Goes anyone have experience of hifu side effects and results ? 

User
Posted 02 May 2022 at 12:46

Chris, I seem to remember a thread where someone had it within the last year, and it hasn't recurred yet. More importantly this forum is very much skewed towards problems cases so we have a very unfavourably biased view. There are 40,000 diagnosis a year and this forum probably gains about 200 followers per year. I'm not saying 39800 are problem free but they aren't making a big fuss (may be they die straightaway and things are worse than I thought).
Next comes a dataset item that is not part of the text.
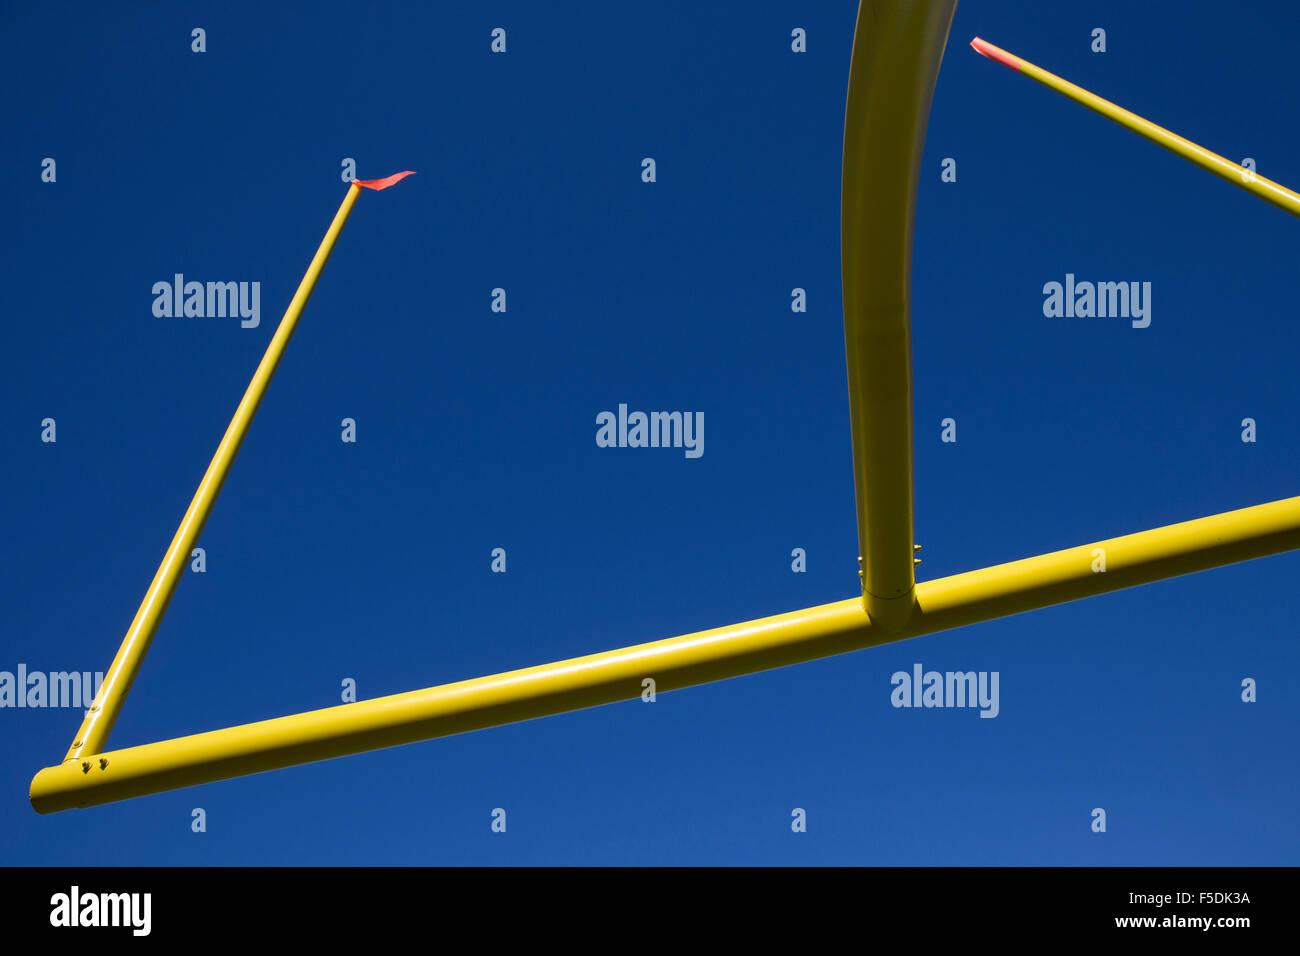 Poteau de but de football américain Photo Stock

I think as long as anyone having this knows it is unproven they can make an informed decision.

Dave

User
Posted 02 May 2022 at 19:33

David,

I think you and also Chris would do well to follow this lecture by the widely acknowledged top man on Focal Therapy with particular reference to HIFU. https://grandroundsinurology.com/focal-therapy-hifu-functional-and-oncological-outcomes/

Patients have to be carefully selected for HIFU and experience and advances in the treatment have led to better outcomes. Patients are now being treated with more intermediate and occasionally even higher Gleason scores. It does sometimes need to be repeated but side effects are much less severe than with RT or RP. (I have had it it done twice for failed RT and after a week with the catheter out, it was then as if I had not had HIFU. I cannot comment on the erection aspect because after RT I came to lose erections back in 2008). My PSA after my last HIFU was 0.02 and that compares with the previous lowest of 0.05 after RT.
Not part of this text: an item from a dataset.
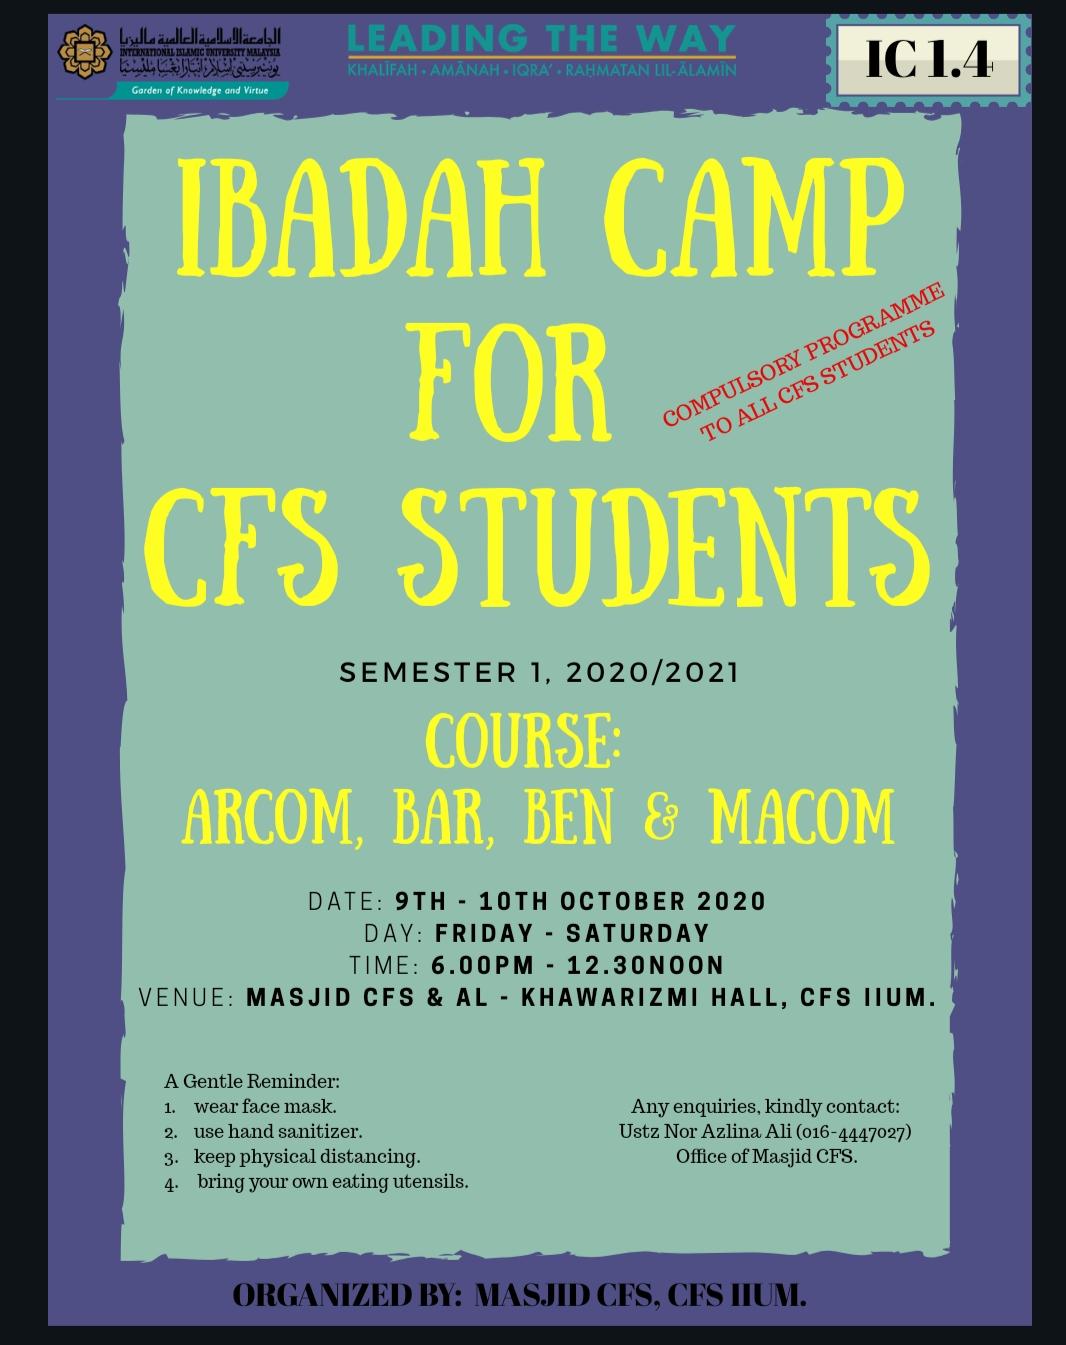 IBADAH CAMP FOR CFS STUDENTS (ARCOM, BAR, BEN & MACOM)

There are failures with every form of treatment and the average for RP is about a third. HIFU is becoming increasingly successful but in need can be repeated or followed by RT or RP as appropriate. So for suitable men is worth consideration.
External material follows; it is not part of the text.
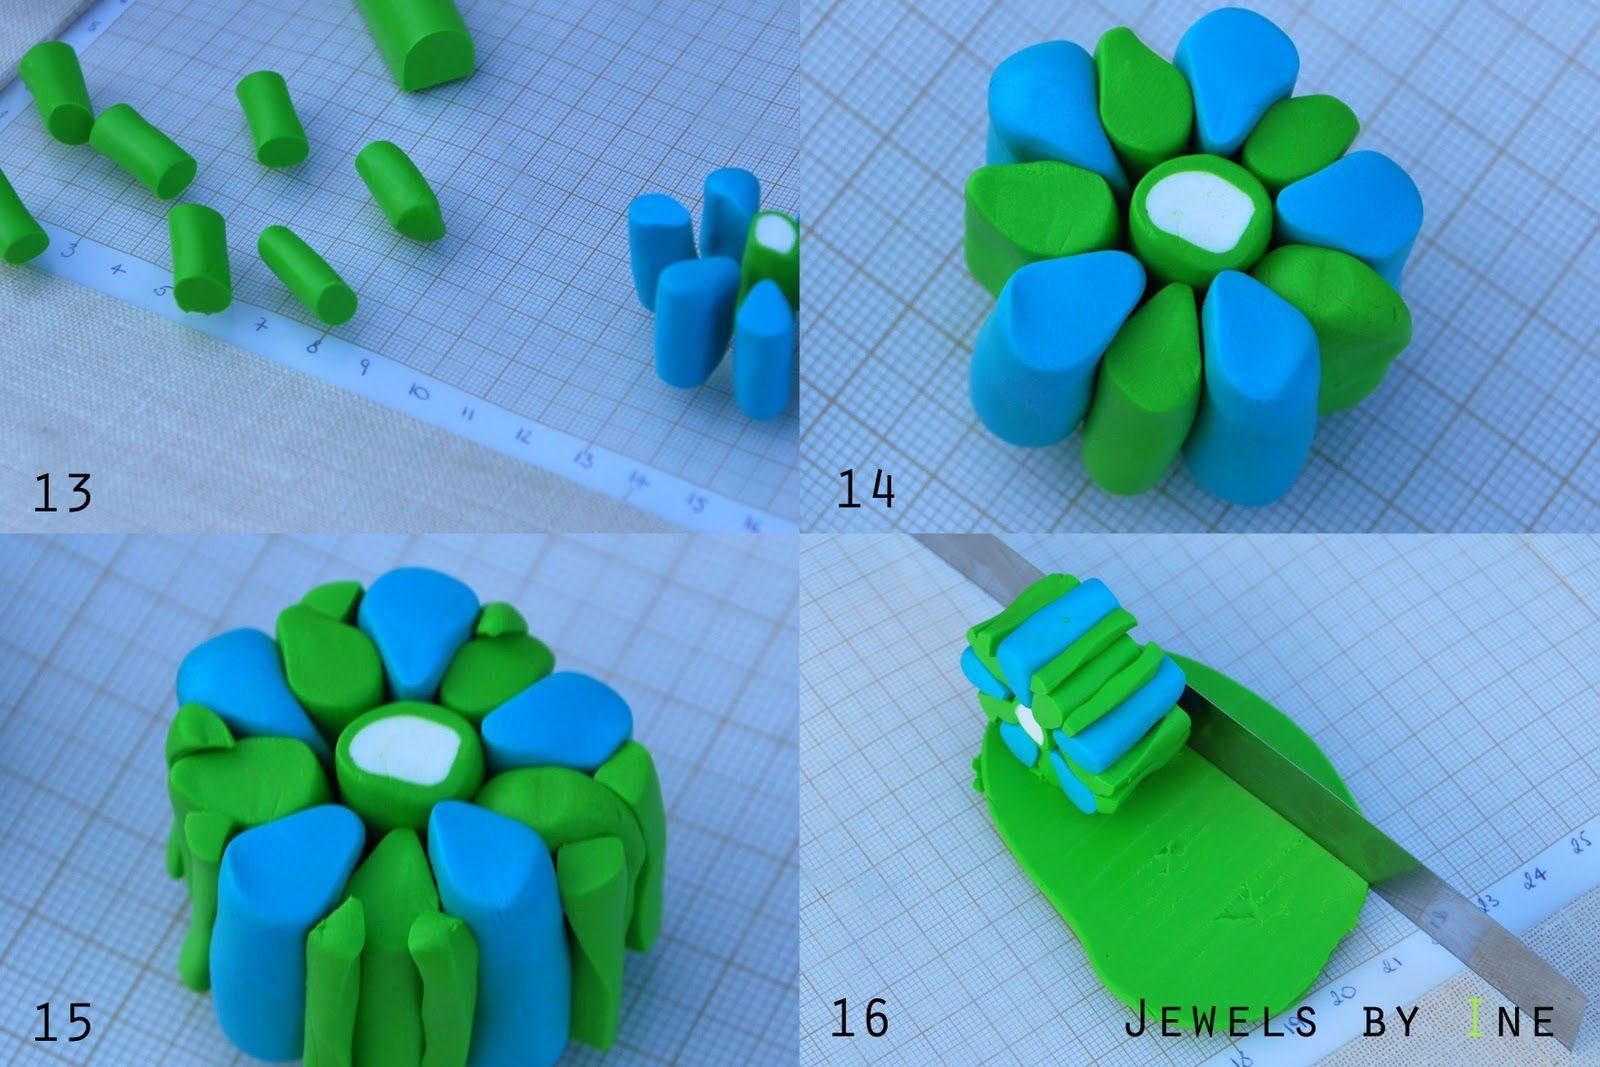 Jewels by Ine: oktober 2011

PS:  Another link https://grandroundsinurology.com/cancer-control-in-1379-men-undergoing-hifu-a-multi-institute-15-year-experience/

Edited by member 03 May 2022 at 02:04  | Reason: to highlight link and add another link

Barry
User
Posted 03 May 2022 at 17:42

Hi

Just a quickie as you have had a number of balanced replies on the pro & cons of HIFU. MY HIFU was done 20 months ago and I have had little to no side effects. Nothing Compared to my brother who also was Gleason 7 and went for HT/RT.

My PSA after HIFU was 2 but now down to below 1.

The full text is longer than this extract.